Corporate Social Responsibility is described as being a company’s ethical, economic, environmental, social and legal attitude towards its stakeholders in order to establish long-term success (Crane at el, 2008). These issues have come to have an important role in the running of a business in recent years. CSR was developed over a number of years and has been researched by professional economists. There are many arguments in favour of and against the CSR strategy. A company that adopts and operates the CSR can gain control over a variety of sectors, including shareholders and stakeholders. In brief, businesses can generate maximum profit and reduce potential risk by adopting the CSR strategy in the long-term. This essay will discuss the benefits, risks and different approaches of CSR within a business context.

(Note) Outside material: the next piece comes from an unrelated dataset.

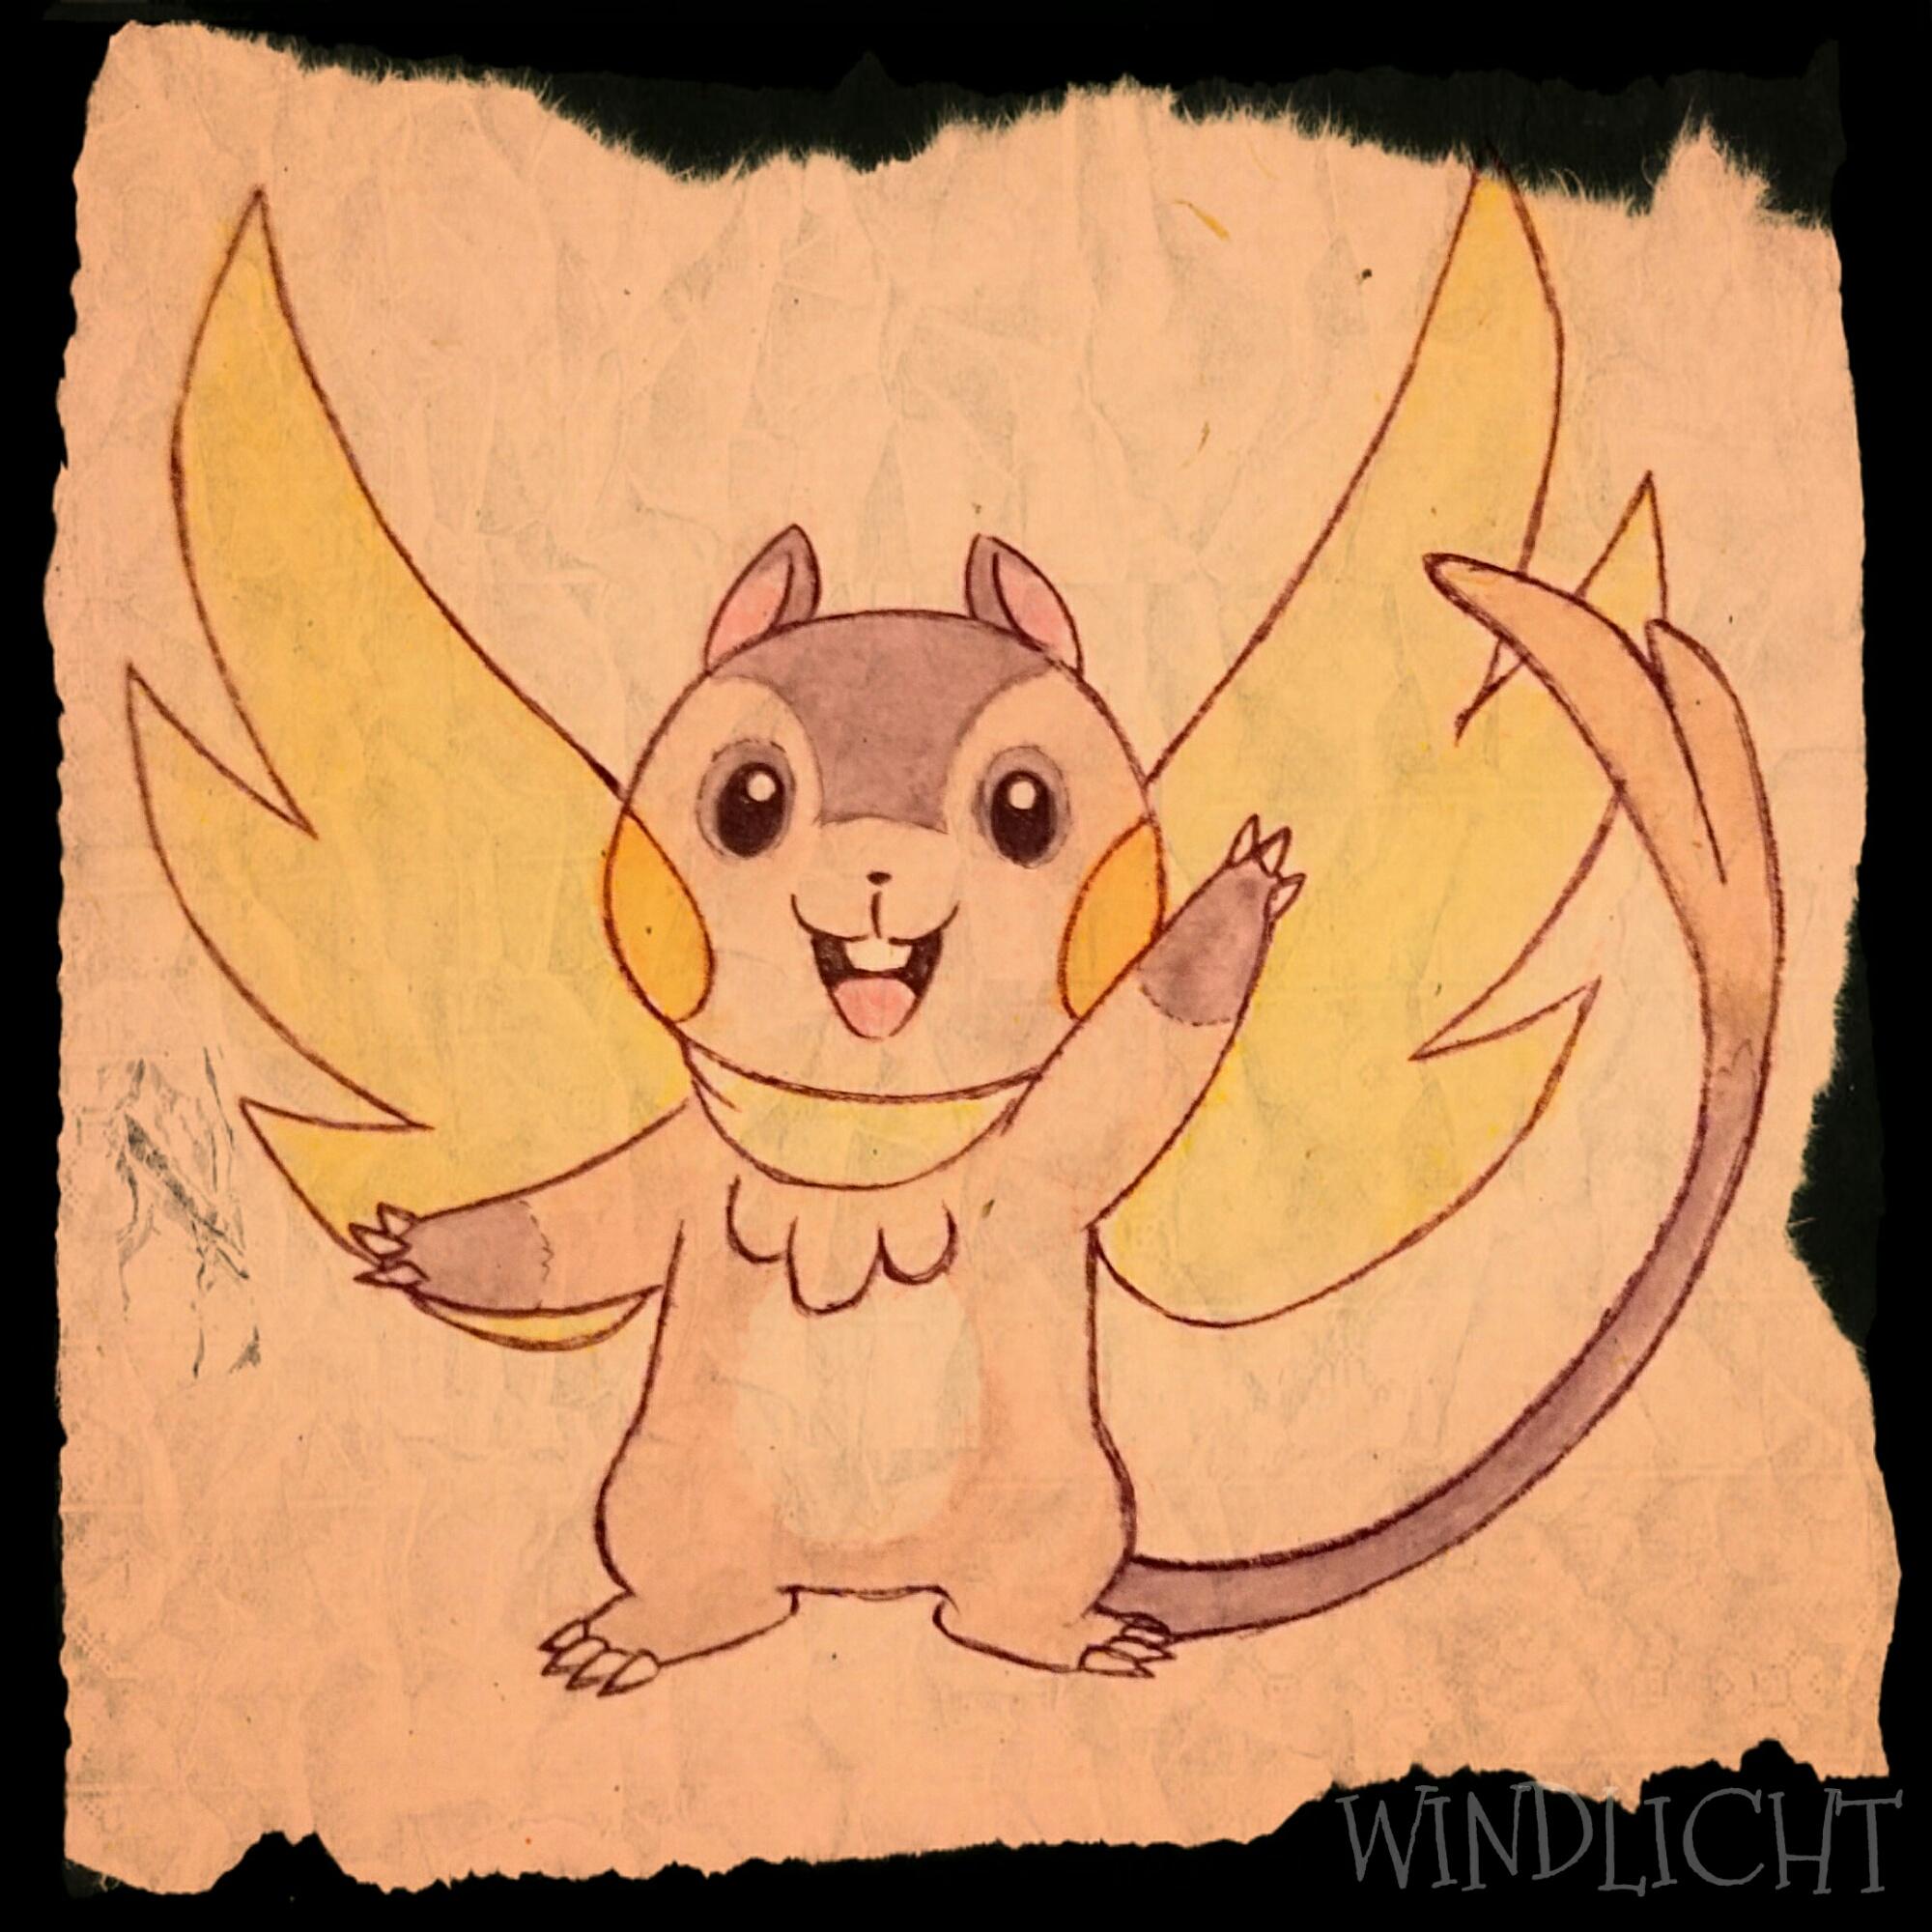 Pokémon-Zeichnung: Elektromaus Pokemon

In addition, several case studies will show the effect of the implementation of CSR and provide a framework for running a business, increasing revenue, sustaining growth and surviving in the market.
Beesley, M., Evans, T. (1978). Corporate Social Responsibility. Croom Helm Ltd. 199-202 This source explains the positive aspects of Corporate Social Responsibility. Michhael Beesle and Tom Evans explore the beneficial aspects of the process of CSR from a social perspective. These social strategies may increase motivation and brand loyalty from workforces.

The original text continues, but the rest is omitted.